What is your diagnosis and what do you suggest as therapy for this poor boy?
Diagnosis: T. Capitis; kerion type
Below, you can read the opinions of the iranderma members about the therapy of this disease;
Dr. Reza Ghaderi; Associate Professor of Dermatology, Birjand UMS:
The most common treatment is an antifungal medicine taken by mouth (griseofulvin, ketoconazole, fluconazole, itraconazole , fenticonazole or terbinafine). About six weeks of treatment is usually needed. It is given once a day with a fatty meal (whole milk, cheese, french fries, etc.). If a large kerion has formed, the antifungal treatment may be supplemented with oral antibiotics and corticosteroids (oral prednisolone) for a short period of time.
The progression from a scaly eruption to a kerion depends on the nature of the infective organism and host factors. Surgical drainage remains an essential part of the treatment of bacterial abscesses. However, scalp abscesses are extremely rare unless there is immune deficiency or penetrating trauma and are usually associated with severe pain and constitutional upset. Surgical drainage of a fungal kerion in the absence of other medical or surgical problems should therefore not be undertaken.
Most fungal skin infections respond very well to topical antifungal preparations (but topical potions are of no help in treating a kerion), such as the imidazoles (miconazole, clotrimazole, econazole, ketoconazole), ciclopirox, naftifine, or terbinafine. Resistant cases or those with widespread involvement require systemic therapy.

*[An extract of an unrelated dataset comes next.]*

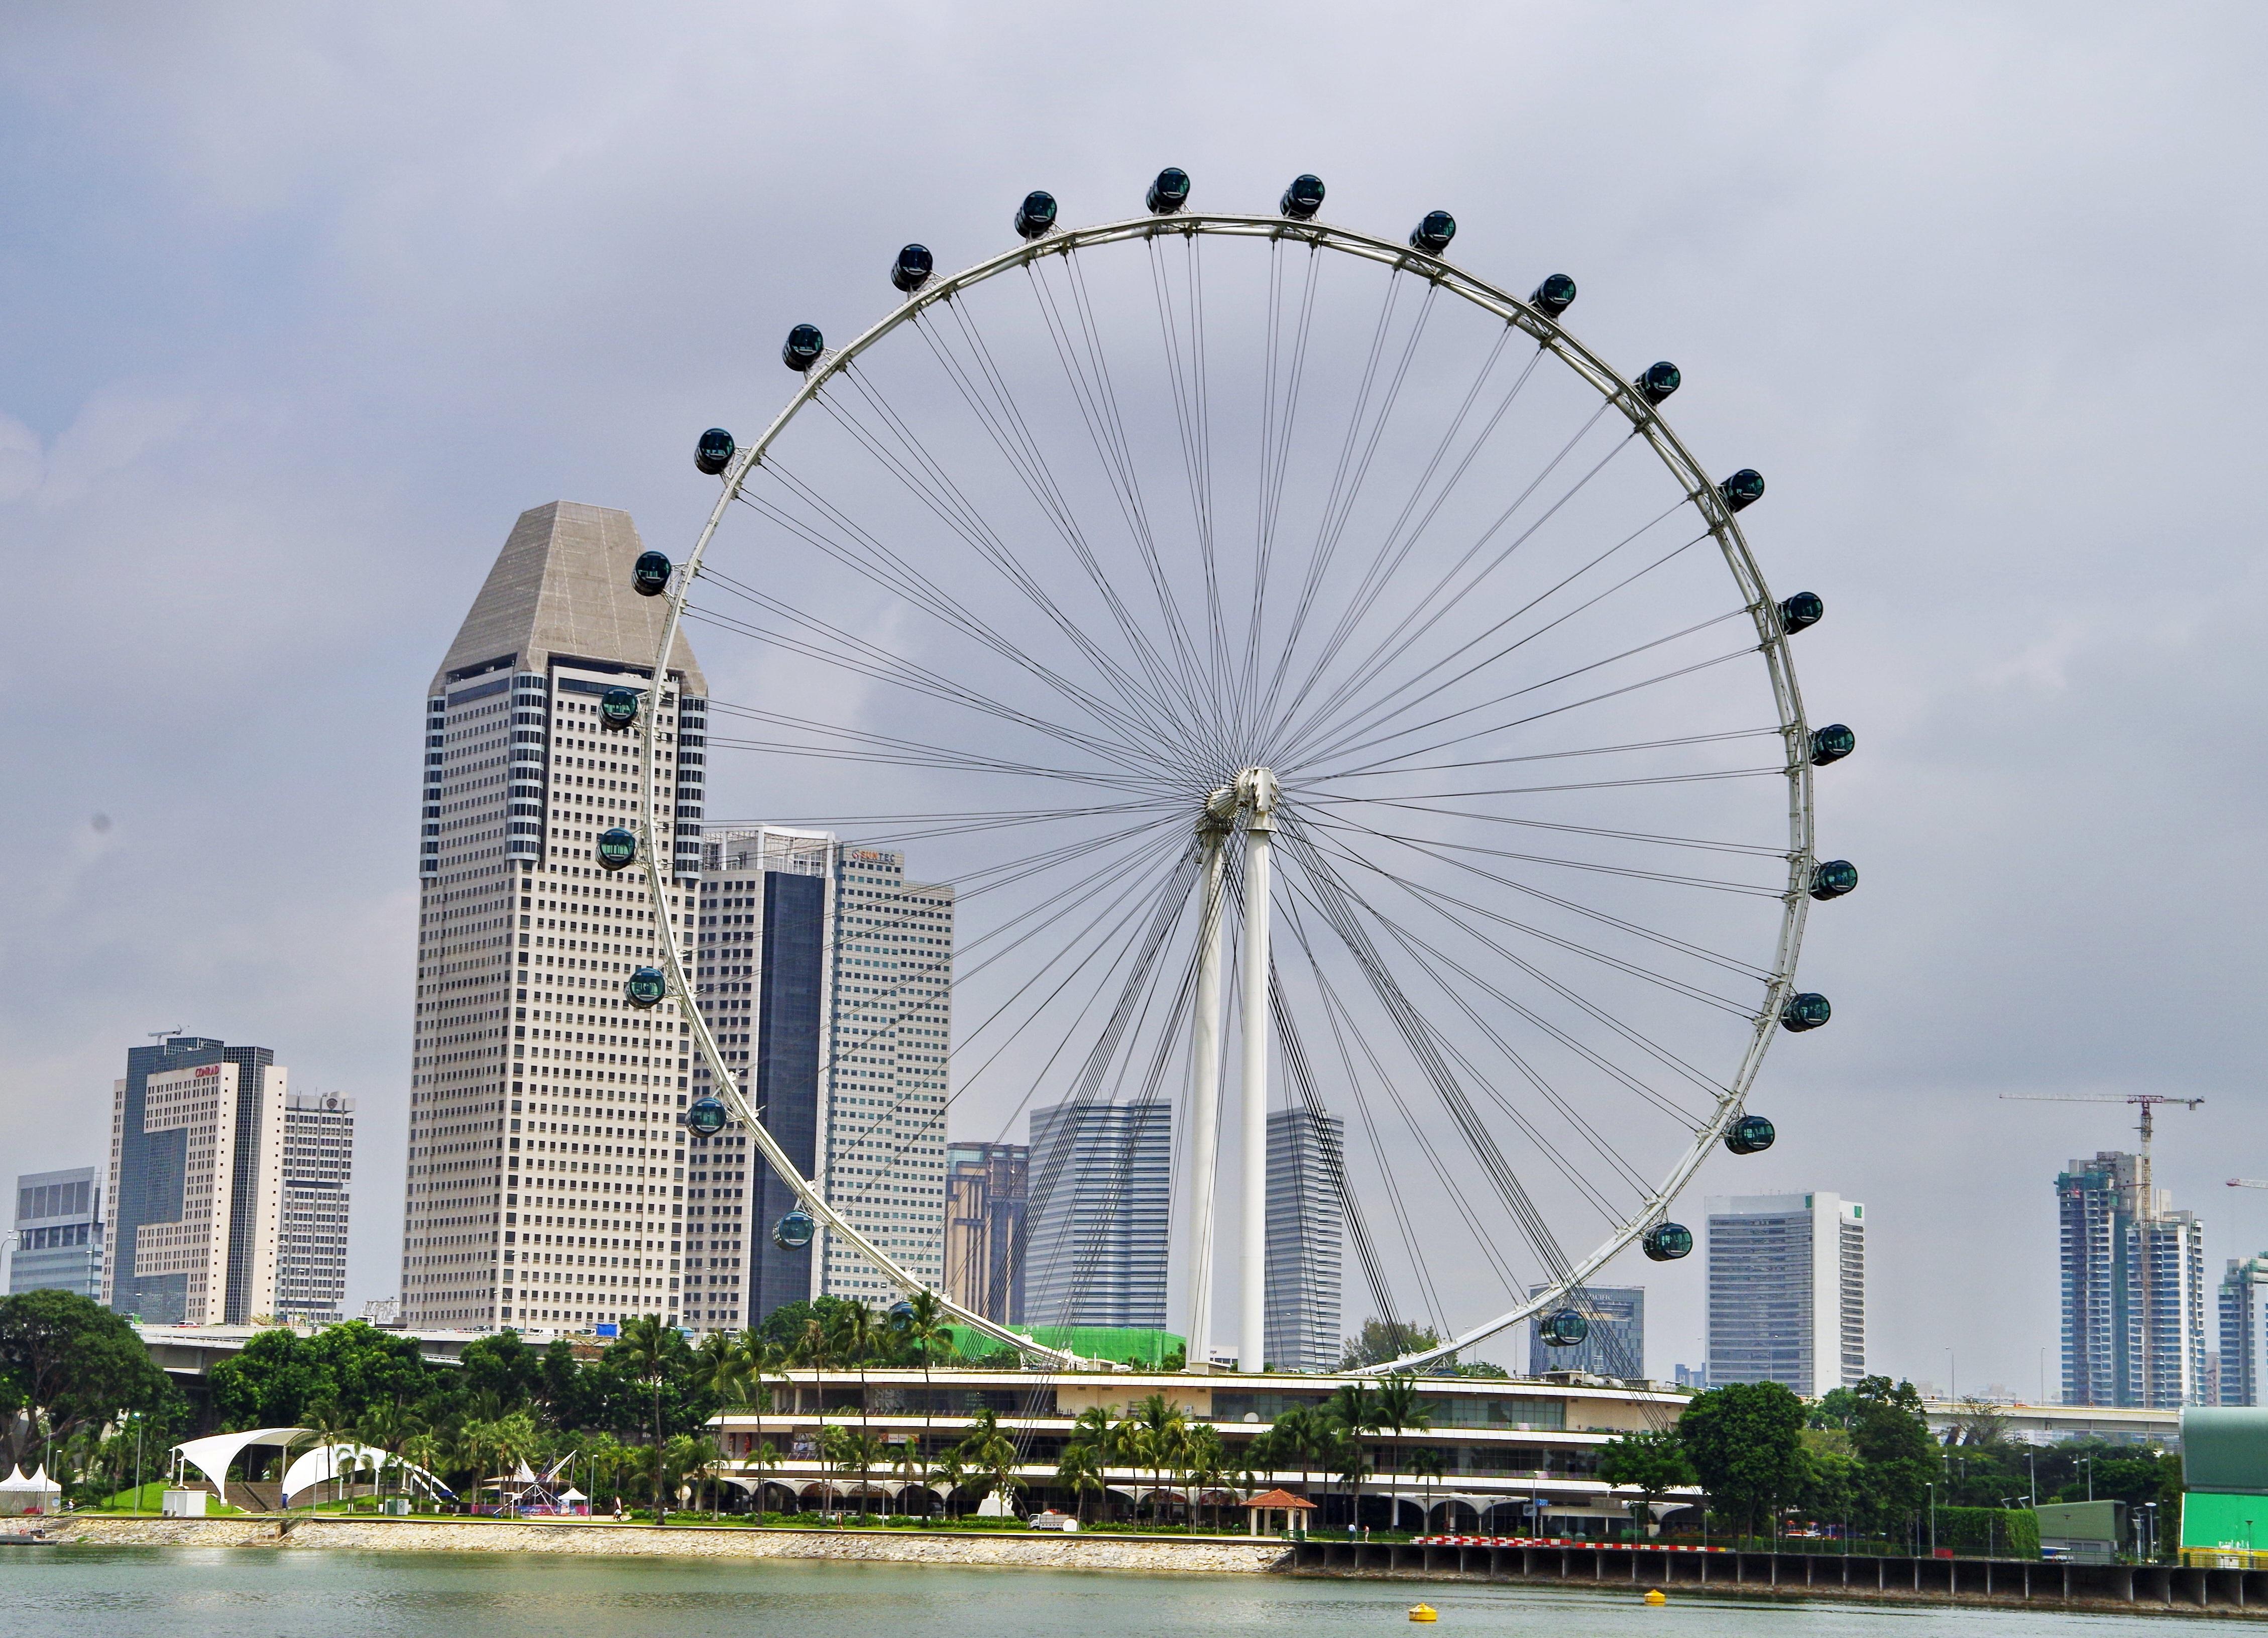 33ec9bba61d Сингапурско фериботно колело, Сингапур - Сингапур

Newer systemic drugs include itraconazole and
fluconazole, oral triazoles, and terbinafine, a second-generation
allylamine. These drugs appear to be safer and more effective than
ketoconazole, a broad-spectrum oral imidazole derivative that is
effective for dermatophyte infections, although occasional liver
toxicity (severe or even fatal) limits its use. Itraconazole
interacts with many commonly prescribed drugs. Terbinafine delays
gastric emptying, and GI side effects occur in 3 to 5% of patients.

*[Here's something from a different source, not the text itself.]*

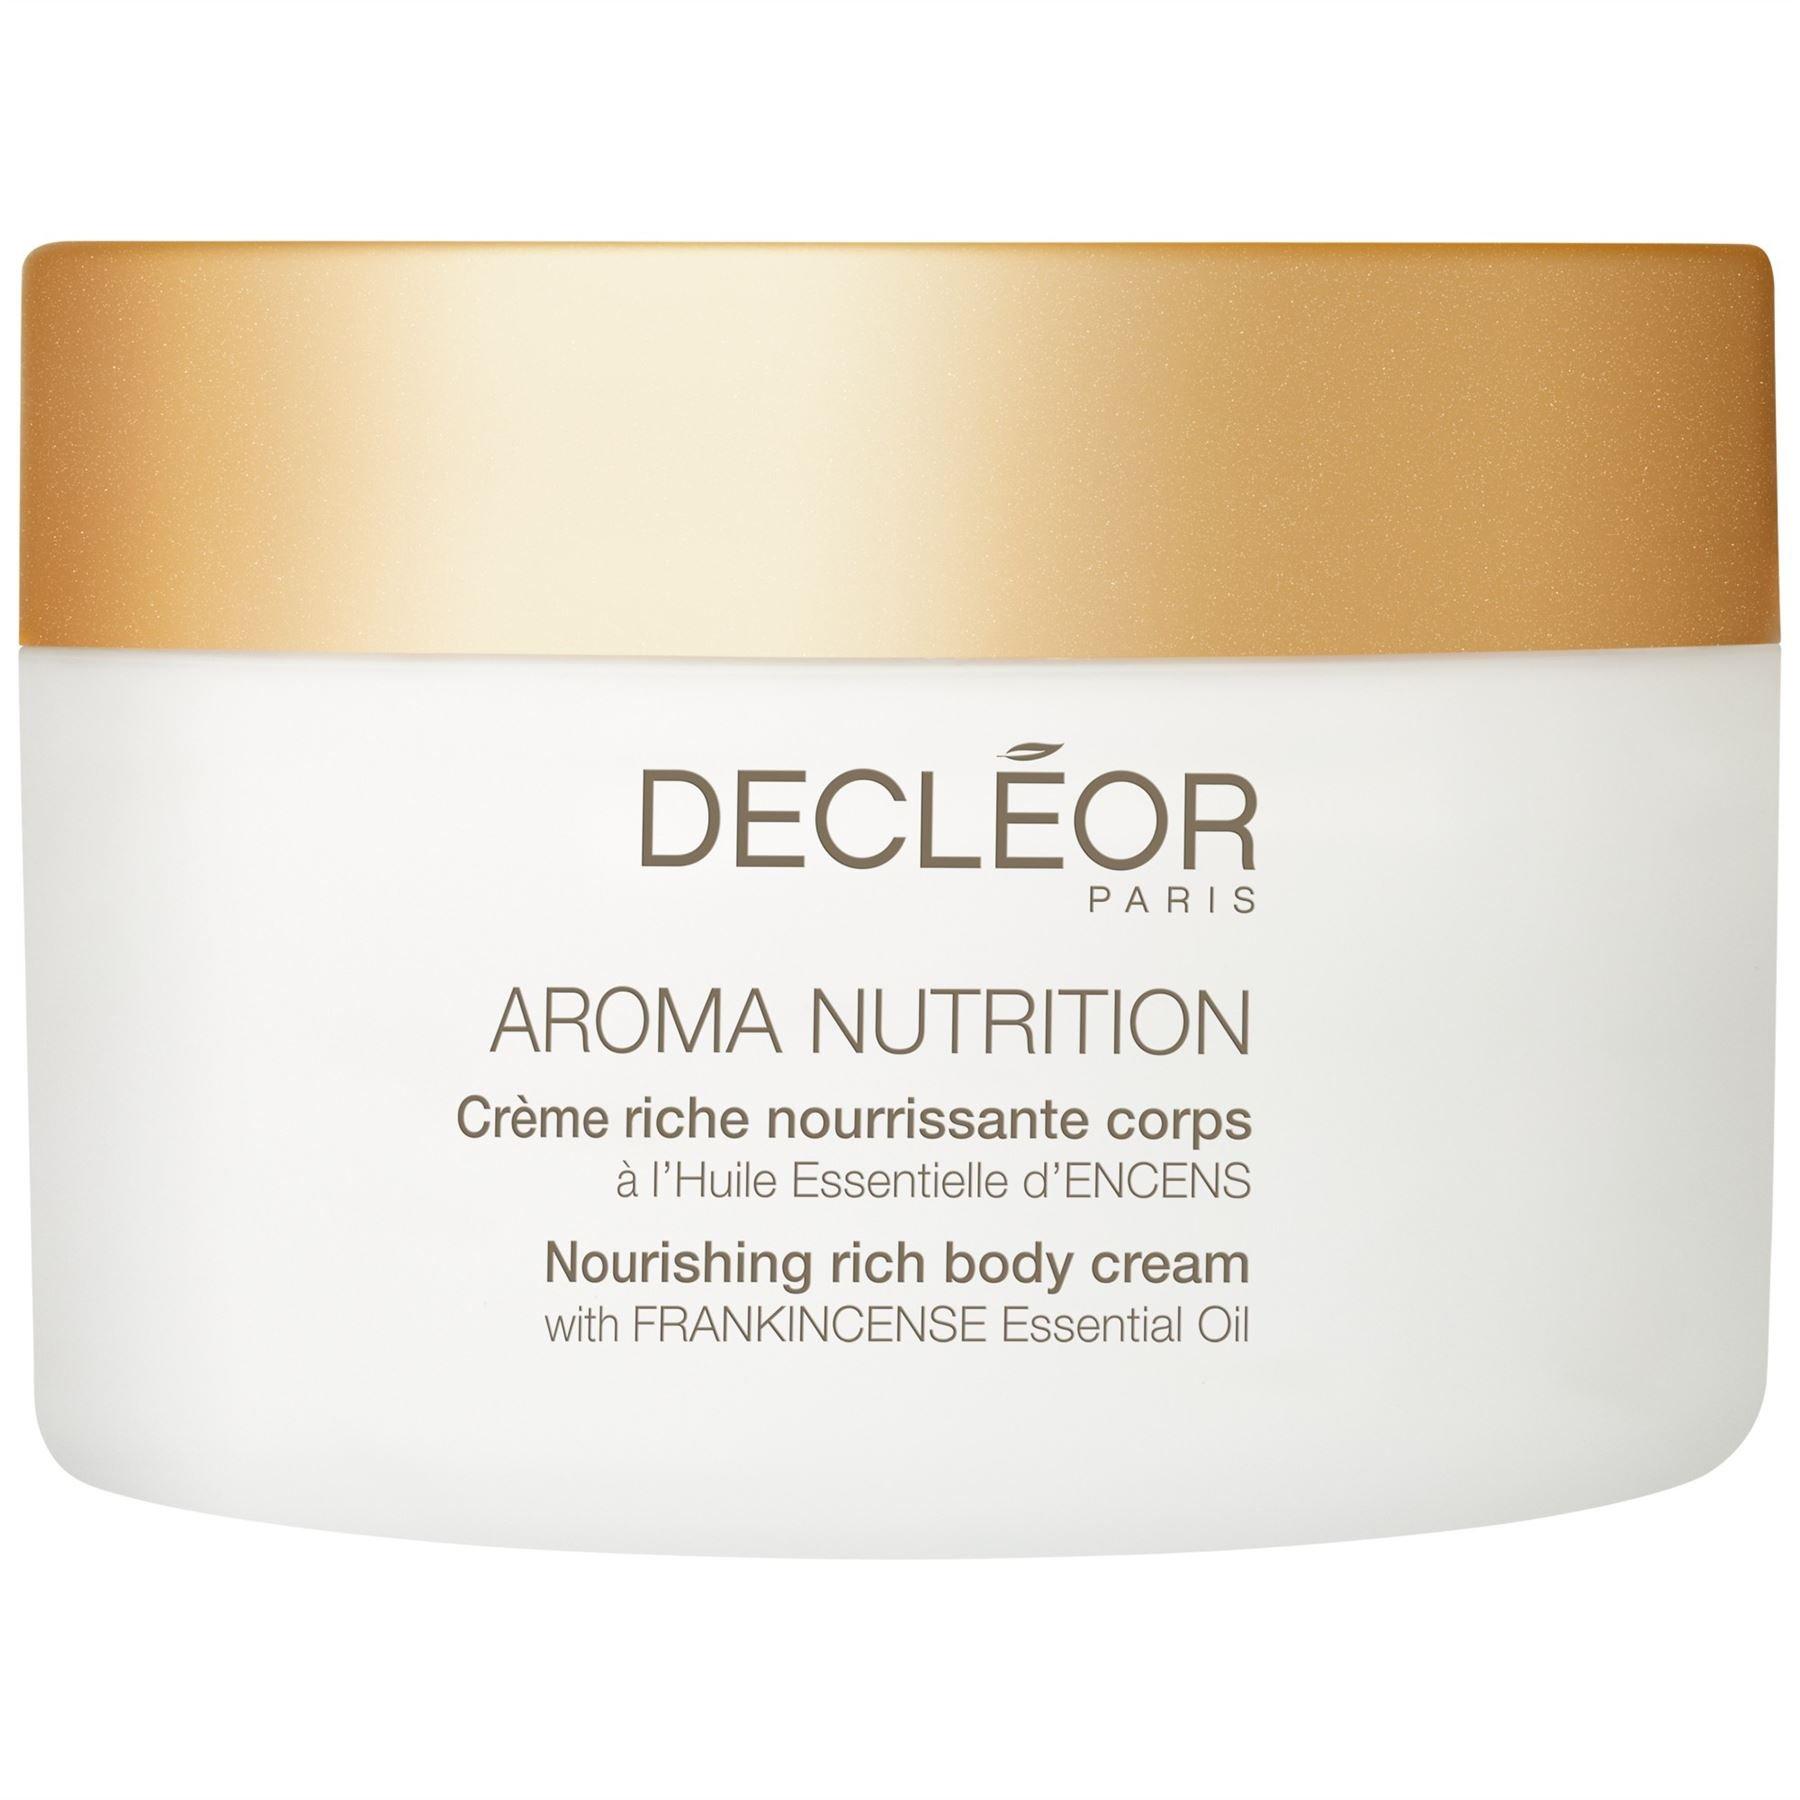 Decléor Aroma Nutrition Nourishing Rich Body Cream 100ml - Pack of 2

Disturbances of taste occur less frequently, and hematologic and
hepatic side effects are rare. However, liver function should be
evaluated at baseline and periodically thereafter. The new
antifungals are more effective than griseofulvin in all
dermatophytoses, except possibly tinea capitis.

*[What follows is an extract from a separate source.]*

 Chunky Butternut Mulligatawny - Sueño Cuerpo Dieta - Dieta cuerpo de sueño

Until recently, griseofulvin was the most widely used systemic antifungal drug, but its use as first-line treatment of cutaneous fungal infections is decreasing with the availability of newer drugs. The adult dosage is microsize griseofulvin 250 mg po bid to qid, best given with a high-fat meal. Ultramicrosize griseofulvin is better absorbed and should be given in a single or divided total dose of 250 to 330 mg po for tinea corporis, capitis, or cruris and 500 to 660 mg po for tinea pedis. Headache is the most common side effect, and the drug occasionally causes GI distress, photosensitivity, rashes, or leukopenia. Angioedema has been reported. Vertigo and, rarely, exacerbation of lupus erythematosus or transient hearing reduction may occur. Topical imidazoles used with oral griseofulvin increase the cure rate.